You can find nutrient-dense foods in every tier of the food pyramid. Some common foods high in nutrient density include:

  • Beans, such as cannellini beans
  • Eggs
  • Fatty fish, such as salmon
  • Fruits, such as blueberries
  • Lentils
  • Nuts, such as almonds
  • Plain, unsweetened yogurt
  • Seeds, such as chia seeds
  • Vegetables, especially deep-colored ones
  • Whole grains, such as quinoa

These foods offer high levels of vitamins and minerals in each serving without containing a ton of calories. Kale is a great example of a very nutrient-dense food. A single cup serving of the leafy green contains a mere 7 calories but plenty of vitamin C, beta-carotene and vitamin K making it notably nutrient-dense.

Blueberries are another nutritious option. They contain just 84 calories in a cup, yet they also have a wide range of essential vitamins and minerals including vitamin C, manganese and vitamin K (not to mention high levels of antioxidant compounds).

Just because a food is high in calories doesn’t mean it’s not nutrient-dense. Take almonds, for example. While a handful of nuts delivers about 164 calories, it possesses a range of vitamins, minerals and healthy unsaturated fats that make it a nutrient-rich food, even for the calories it contains.

Recommended reading: 4 Food Pairings to Boost Nutrient Absorption

And it’s not just plant-based foods that can be considered nutrient-dense. Take for instance an egg. A large egg has just 72 calories, yet these calories come with a handful of essential nutrients including protein, vitamin B12, selenium and brain-benefiting choline.

While salmon contains more calories than tilapia, it also has more lofty amounts of important items for better health like vitamin D, vitamin B12 and omega-3 fatty acids so should be considered a more nutrient-dense seafood option. This is another good example of why we should not be so quick to judge foods by calories alone.

What’s the opposite of nutrient-dense?

Often called calorie-dense or energy-dense foods, these are items that deliver a meager amount of nutrients for the calories they contain. Sugar is a glaring example. Each tablespoon serving contains about 48 calories, which is not very high, but in those calories are virtually no vitamins and minerals. So, each calorie is working less hard for you.

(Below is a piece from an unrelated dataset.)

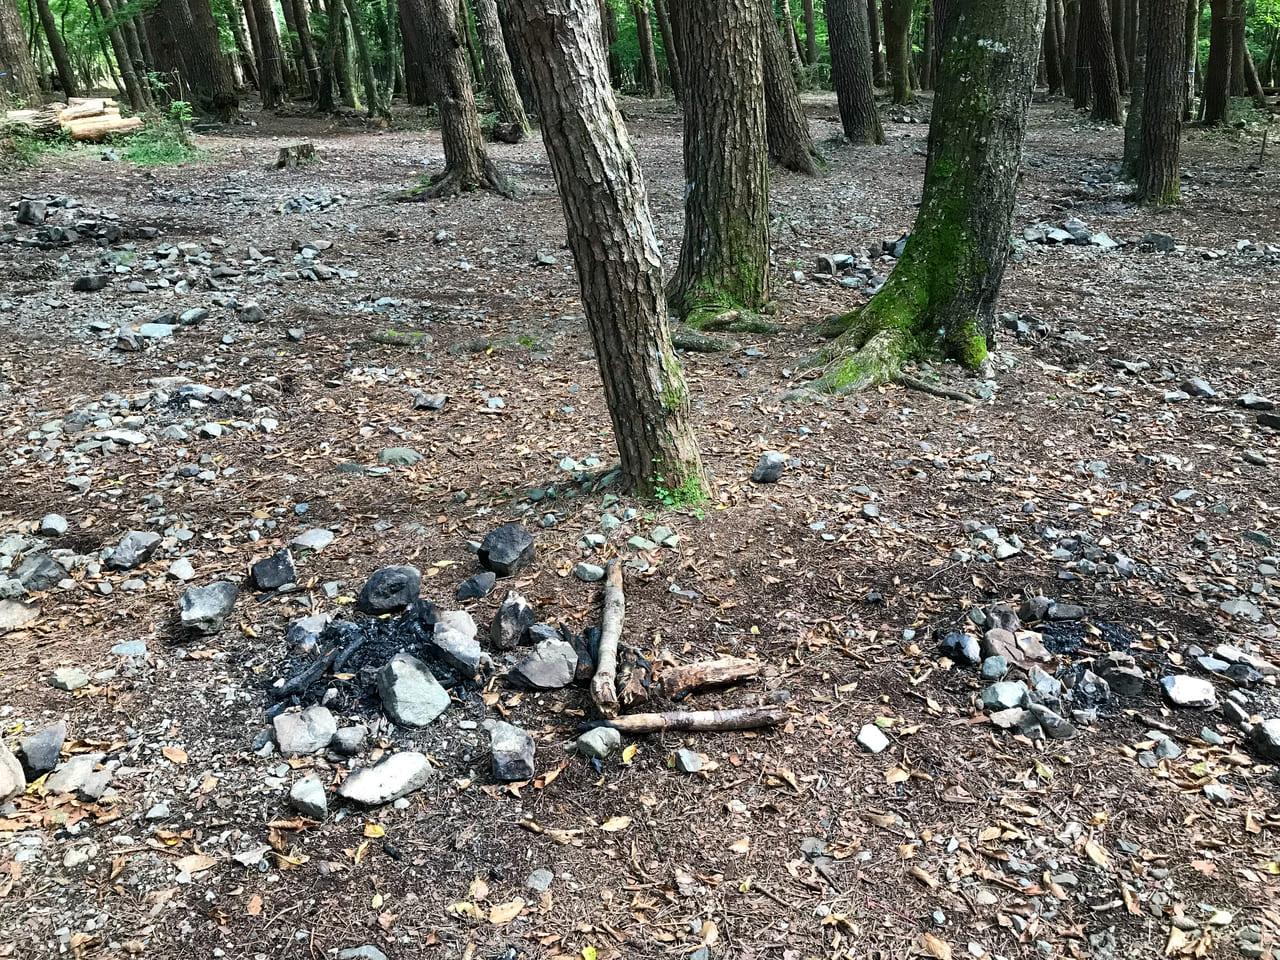 /キャンプ場のマナー低下で残された直火跡
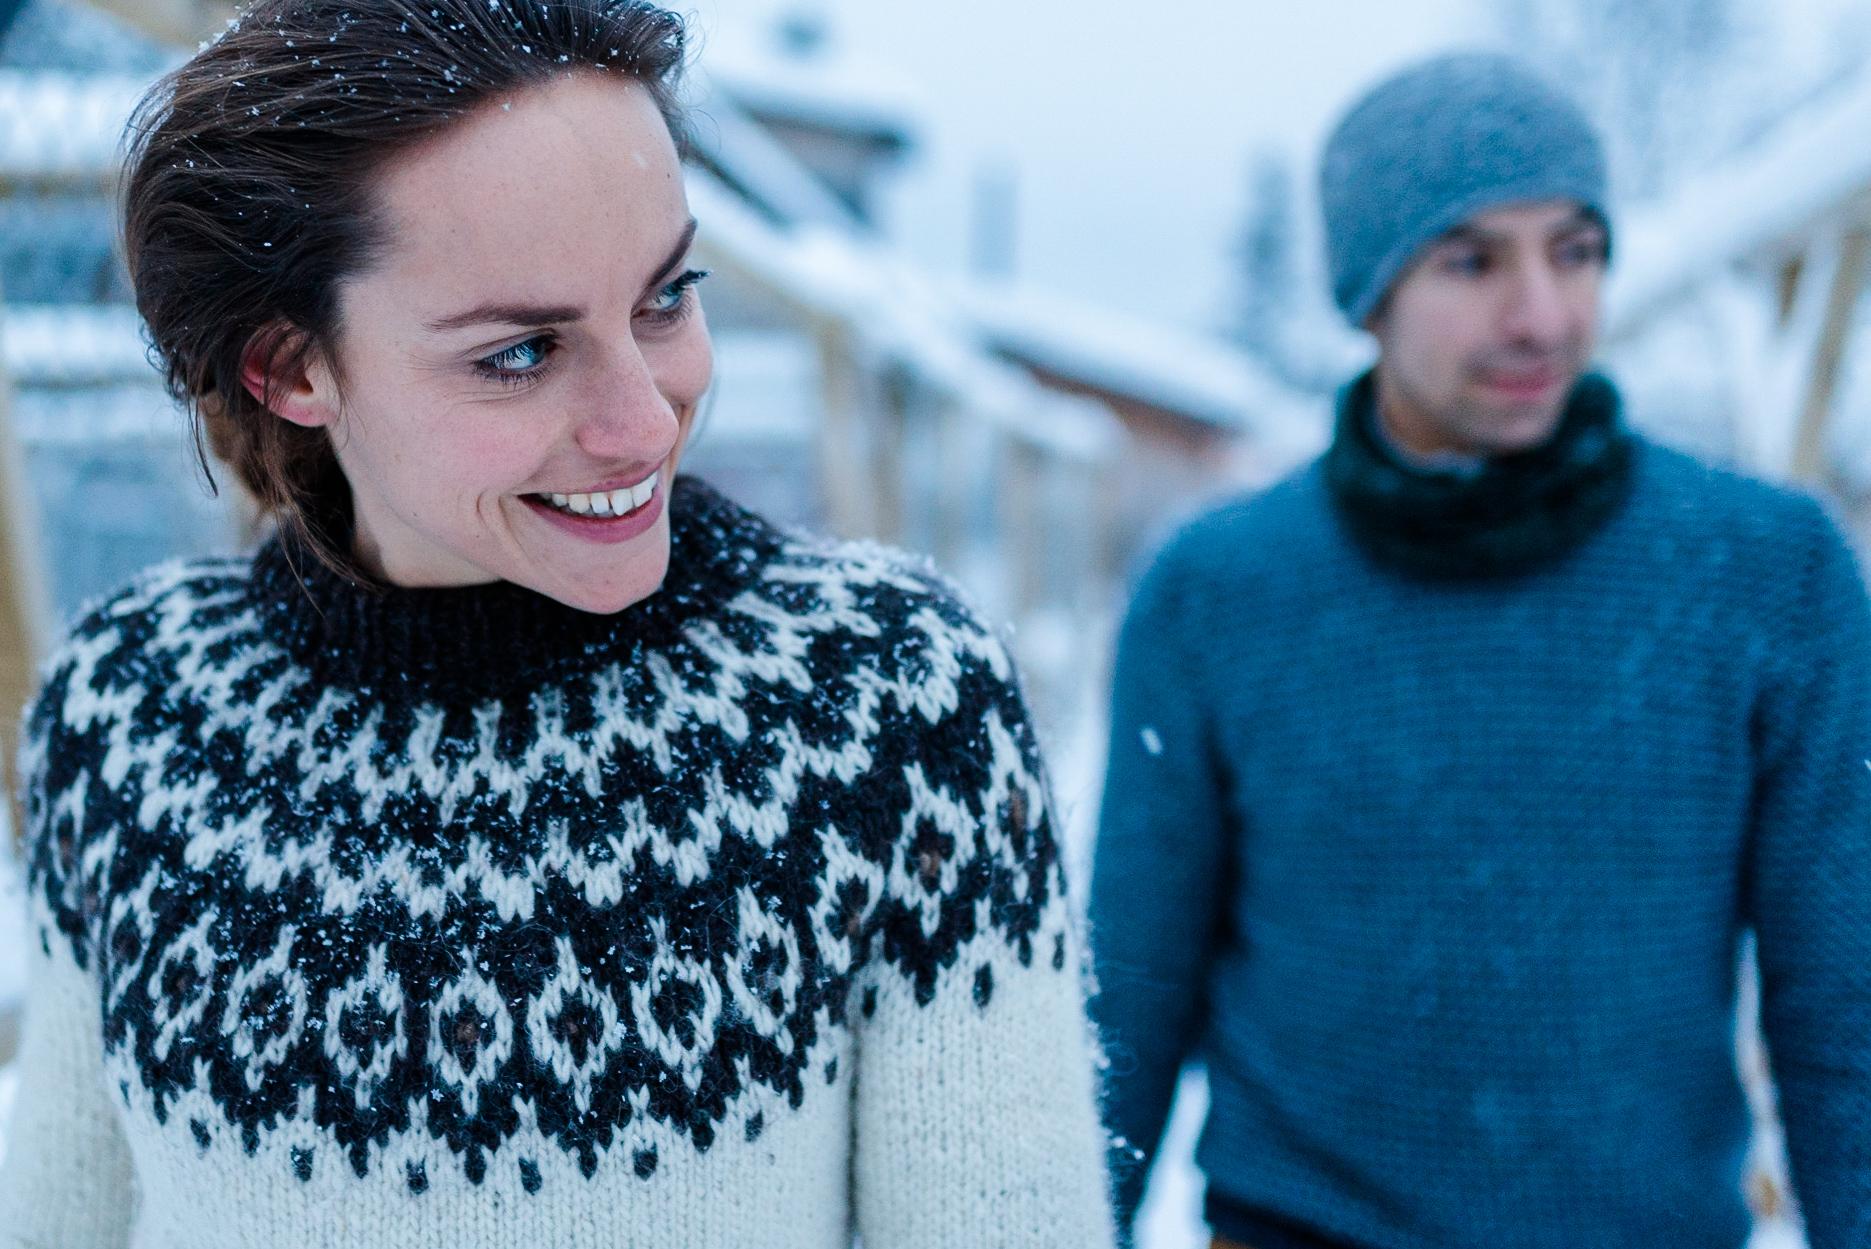 Svenja und Ben Fotografie Hochzeitsfotos Göttingen - Reise Dreh Fotos schwedisch Lappland Polarkreis Huskies Eis Schnee Schlittenhunde

Foods low in nutrient density often contain added sugars and refined carbs that can lead to weight gain and chronic diseases like cancer. They include:

  • Baked goods
  • Candy
  • Fast foods
  • Potato chips
  • Processed red meat, like bacon and hot dogs
  • Soda
  • Vegetable oils
  • White bread

A medium serving of fast-food French fries has nearly 400 calories without much nutrient payoff. (In contrast, a medium baked potato has a more constrained 160 calories but higher amounts of essential nutrients like vitamin C, potassium and magnesium making it more, you guessed it, nutrient-dense.)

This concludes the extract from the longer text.